その結果、売上高は211,732百万円(前連結会計年度比16.3%増)となりました。
② 営業利益
生産効率向上、コストダウン施策に注力し、収益力の強化を進め、営業利益は27,575百万円(前連結会計年度比22.6%増)となり、売上高営業利益率は、前連結会計年度に比較して0.7%増加の13.0%となりました。売上総利益率は、前連結会計年度に比較して0.3%減少の31.0%となり、販売費及び一般管理費の対売上高比率は、前連結会計年度と比較して1.0%減少の18.0%となりました。
③ 経常利益
営業外収益から営業外費用を差し引いた純額は610百万円の利益となりました。そのうち、受取利息及び受取配当金から支払利息を差し引いた金融収支は883百万円の利益となりました。また、その他の営業外収益として、受取地代家賃169百万円、その他の営業外費用として、寄付金375百万円等を計上し、経常利益は28,186百万円(前連結会計年度比24.8%増)となりました。
④ 親会社株主に帰属する当期純利益
税金等調整前当期純利益は27,376百万円となりました。また、法人税、住民税及び事業税、法人税等調整額、非支配株主に帰属する当期純利益を差し引いた親会社株主に帰属する当期純利益は18,521百万円(前連結会計年度比30.2%増)となりました。
(3) 資本の財源及び資金の流動性
当グループの運転資金需要のうち主なものは、部材の購入費のほか、製造費用、販売費及び一般管理費等の営業費用であります。投資を目的とした資金需要は、主に設備投資等によるものであります。

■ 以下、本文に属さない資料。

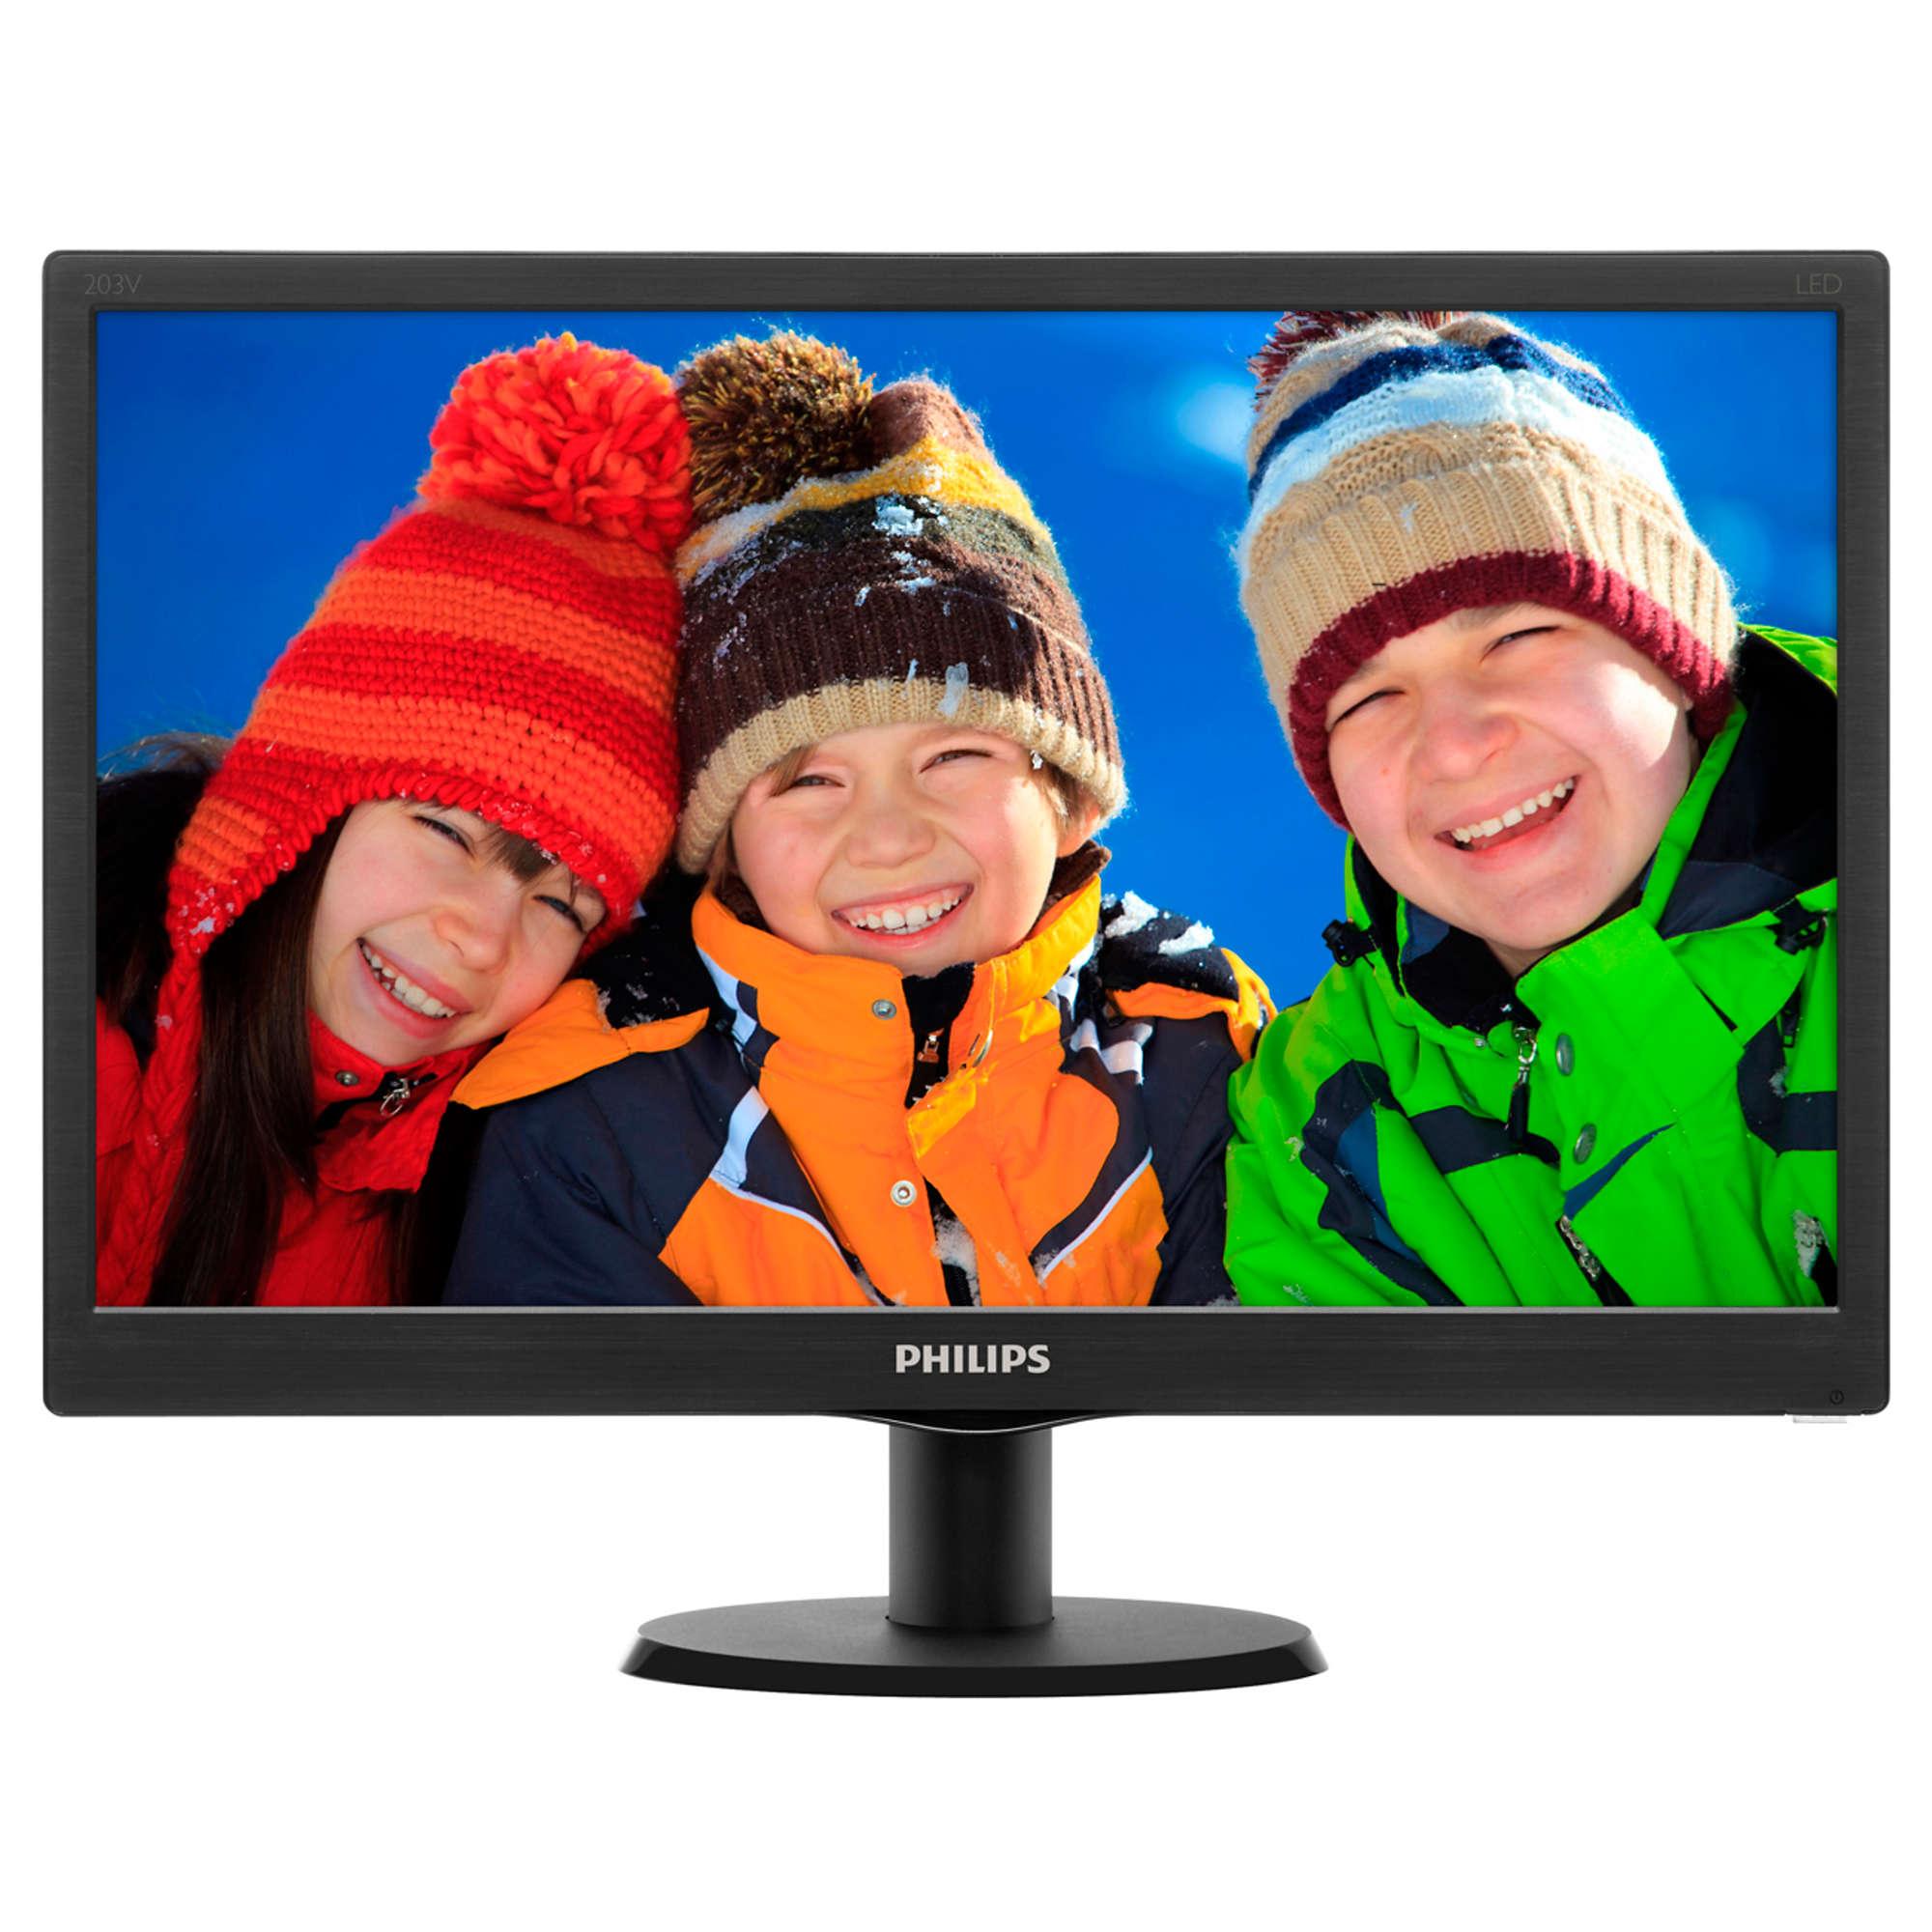 Philips LCD 19.5 203V5LSB26 1600x900 VGA

当グループは、事業運営上必要な流動性と資金の源泉を安定的に確保することを基本方針としております。
資金調達は、将来の資金需要、資本コスト、資本構成等を総合的に勘案し、手元流動性資金の活用、金融市場からの調達も視野に入れ、最適な資金調達方法を選択しております。
なお、当連結会計年度末における有利子負債の残高は10,948百万円となっております。また、当連結会計年度末における現金及び現金同等物の残高は、58,367百万円となっております。
2019年度の重要な資本的支出として、可児工場の新工場建設及び加工用設備機械の投資の一部を支出する予定であります。その資金の調達源は、全額自己資金を予定しております。